The Care Inspectorate spent up to £2.4 million earlier this year laying off employees who assess the quality of care homes.
But some of the staff could be set for a comeback after the SNP Government backed an increase in inspections.
Labour MSP Jackie Baillie said the “shambles” was the fault of Health Secretary Nicola Sturgeon.
The inspectorate was formed following a merger of various regulatory bodies. Its role is to monitor the quality of services in care homes for the elderly and children, as well as focusing on social work provision.
The quango’s inspectors play a key role in visiting homes and assessing quality of service.
MSPs heard this month that the Care Commission, which was wound up to make way for the Care Inspectorate, trimmed its costs through a severance scheme.
Some 54 staff, 40 of them inspectors, were paid off as part of a process that generated £2.4m in staff savings.
The number of inspectors has now fallen from around 320 last year to just over 260. There are also another 21 senior staff.
But one of the quango’s directors, Gordon Weir, told the Parliament’s health committee that more staff were now needed.
He said: “The Care Inspectorate is now talking about spending from next year an additional £400,000 on staff that will be funded through other efficiencies that it has made and is planning to make.”
Asked if this could mean re-employing staff who had left, interim chief executive Jacquie Roberts said: “That depends.”
She said that “increasing the inspecting resources” could be achieved by recruiting staff, or by using “associate and specialist advisers”.
It is understood the equivalent of eight full-time staff is required.
The cost pressure comes from Sturgeon’s decision to change the minimum number of inspections.
Rather than having one inspection every two years, the health secretary told Parliament last month there would be one unannounced visit every 12 months.
The Scottish Government move followed a series of well-publicised scandals involving care standards.
Elsie Inglis Nursing Home in Edinburgh closed earlier this year after the care watchdog said it had “very serious concerns about the quality of care” offered.
Jackie Baillie, Scottish Labour’s health spokeswoman, said: “This shambles is all the fault of Nicola Sturgeon and the SNP Government who simply refused to listen to warnings that this would happen.
“The collapse of Southern Cross and the scandal at the Elsie Inglis home in Edinburgh only served to force the SNP to think again about how often inspections should be carried out.

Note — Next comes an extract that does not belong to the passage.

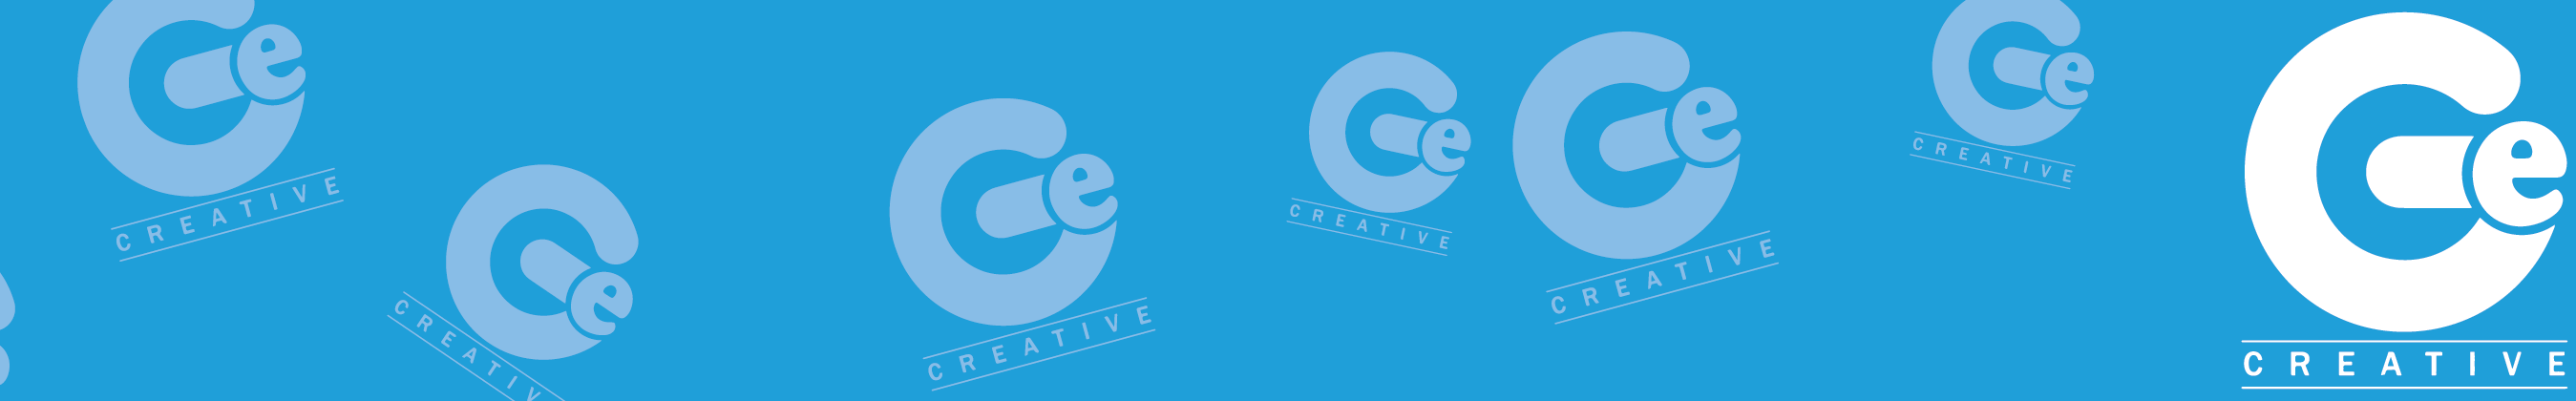 Banner del profilo di Ge Creative
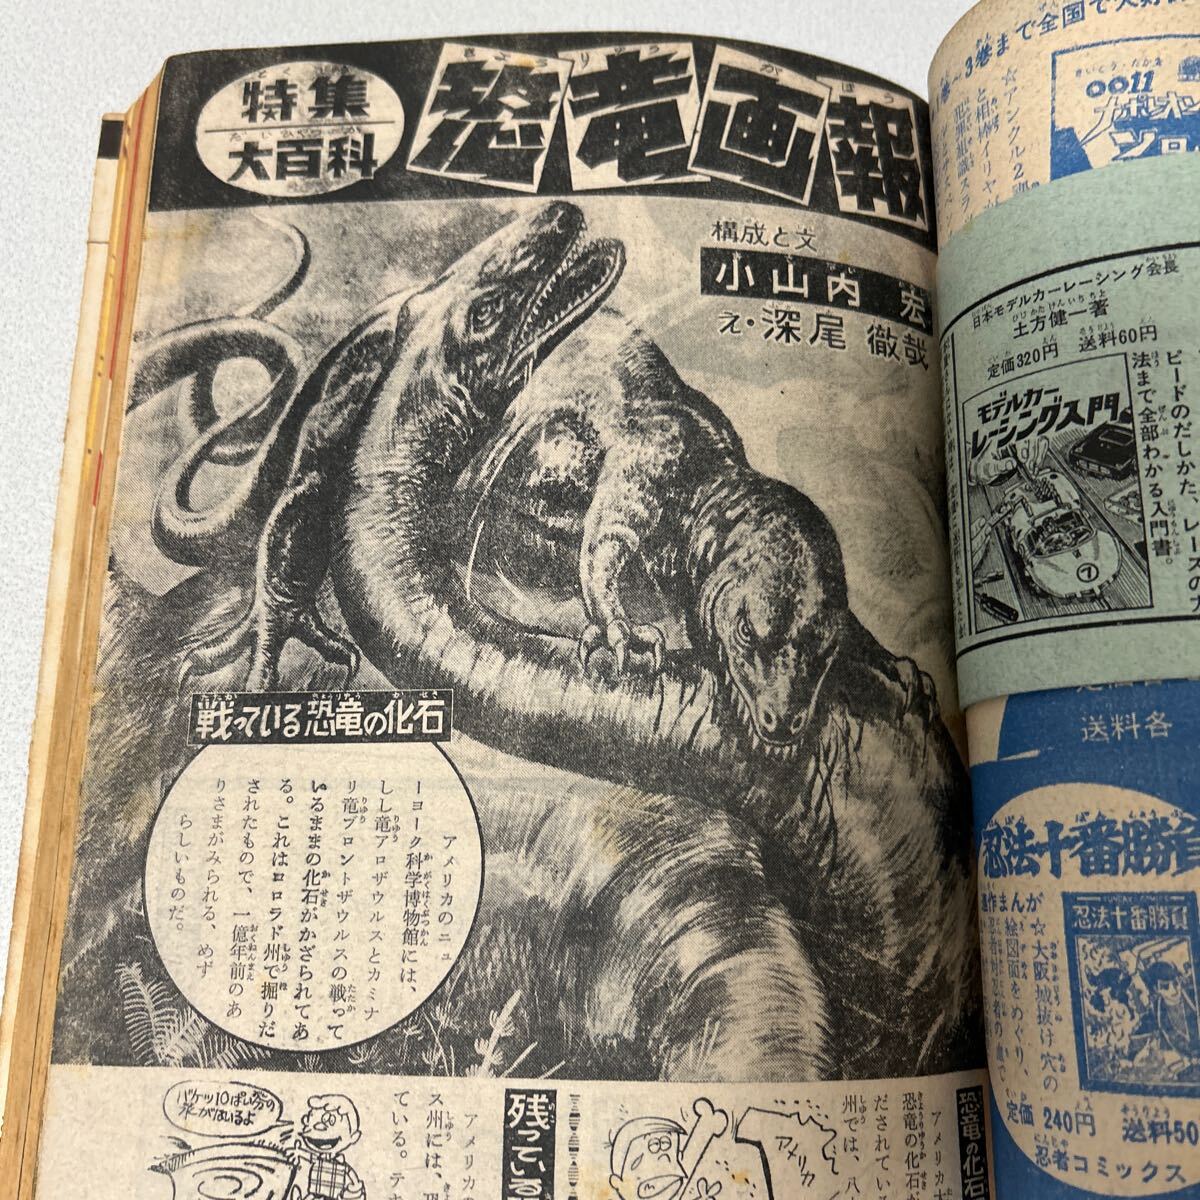 [....1967 год 7 месяц номер ] динозавр .. Spy введение . бог van da-lato Patrol Space man тутовик рисовое поле следующий . камень лес глава Taro Showa 42 год

“Then, having spent £2.4m of taxpayers’ money on redundancies, most of which went to highly qualified inspectors, we now find they are having to spend another £400,000 recruiting more inspectors.”
Conservative MSP Mary Scanlon said: “The £2.4m spent on redundancy is farcical now that many experienced staff will have to be re-employed at the same salary as before and with several thousand pounds in the bank due to the lack of joined-up thinking by the Scottish Government.”
A Care Inspectorate spokesman said: “Following agreement by ministers, it was decided to reduce the frequency and intensity of inspections. Therefore 54 staff left the Care Commission, the body previously responsible for this work, as part of a voluntary severance scheme. Alongside this, it was intended that the budget would be reduced by around 25% over coming years.
“Since then, the position has changed. The Cabinet Secretary for Health has announced there will be a minimum of one unannounced inspection each year for older people’s care homes. Now, partly as a result of this increase in the planned number of inspections, the Scottish Government had decided to hold our budget broadly steady over the next three years.”
A Scottish Government spokesman said: “We are planning to increase the frequency of care homes inspections as a result of public concern about standards. As a result of that, the earlier planned reductions in staffing will not go ahead.
“Beyond that, it is right that the Care Inspectorate looks at its staffing levels and mix. Early indications are that some additional inspection staff will be needed through flexible recruitment.”